We bought the Arms Reach wooden co-sleeper from someone on CraigsList. We didn't bring DS into the family bed until around 3.5 months. If we have another, I'll skip the co-sleeper I think. In fact, my plan is to post it on CL again once I get it back from a friend who is borrowing it.

It is a nice piece of furniture, though, if you are considering it. I also didn't care for the look of the plastic version.


----------



## prancie (Apr 18, 2007)

I have the mini co-sleeper and we use it to put the baby in when I need to do something and he is happy to play with his toys in there. He never sleeps in it (his choice, not mine!). I would consider either sidecarring a crib or getting an in-the-bed cosleeper (like the humanity cosleeper). I still think the cosleeper is great, but any rolling bassinet would really do for what we use it for.

FWIW I couldn't stand to sleep seperate from my baby, the family bed is a blessing and a joy! I have been able to get so much more sleep and it is so cuddly and nice.


----------



## ndigiorgio (Jun 9, 2005)

I have the Humanity Family Bed thingy. It's great but with a toddler we are getting a co-sleeper just in case. I don't want to expose the baby to the not-so-gentle ministrations of my 3-yr-old even though she has transitioned to her own bed/room.

The other thing is--when your baby can sit up he/she can tumble right over the pillow portion of the Humanity Family Bed. My daughter did and it was scary. But I guess you can say the same thing about anything with a shallow enclosure.


----------



## ann_of_loxley (Sep 21, 2007)

Quote:

I know a lot of people just use their crib with the side taken off and lined up with their bed. I've heard that you can use a couple of bungee cords under the mattresses to hold it secure so it doesn't move away from the bed. *Maybe someone will post a pic of their setup*.
That is what we have done. Here is a photo - though not a very good one lol...

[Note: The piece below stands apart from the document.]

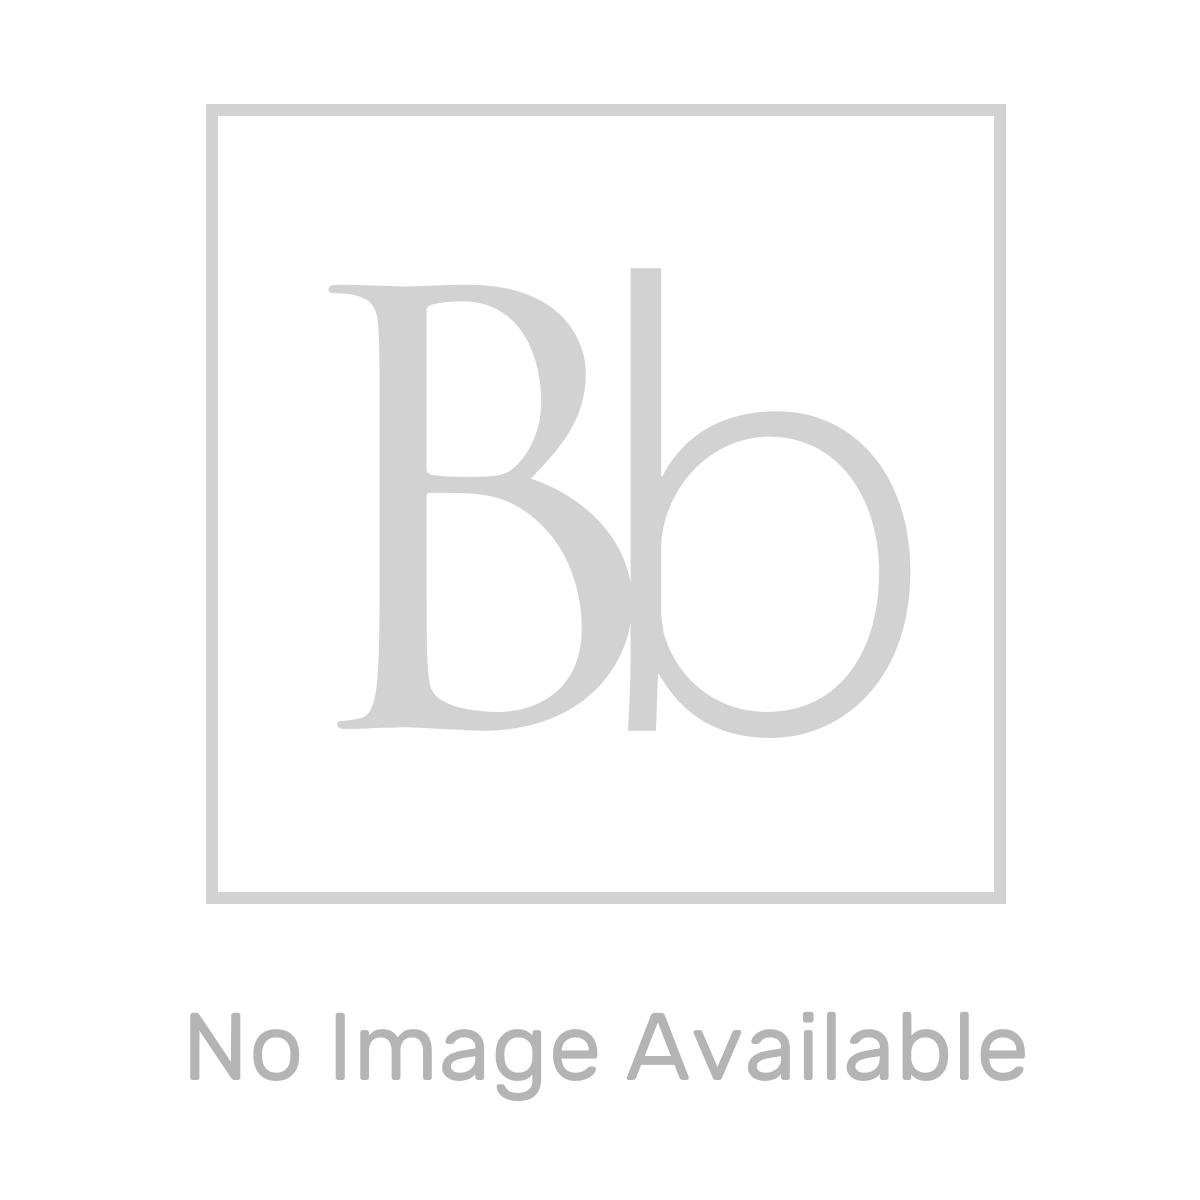 Sensio Beam Additional Mounting Bracket Set for Angled Aluminium Profile x 2

http://farm2.static.flickr.com/1215/...17a482.jpg?v=0


----------



## veganone (May 10, 2007)

We are planning to side car our crib soon rather than buying a co-sleeper. DD still won't sleep without touching me, but I'm hoping we can transition her into the sidecar situation at some point so that mommy can sleep better!

I'm a preparer, too, and didn't think we'd co-sleep, but here we are!


----------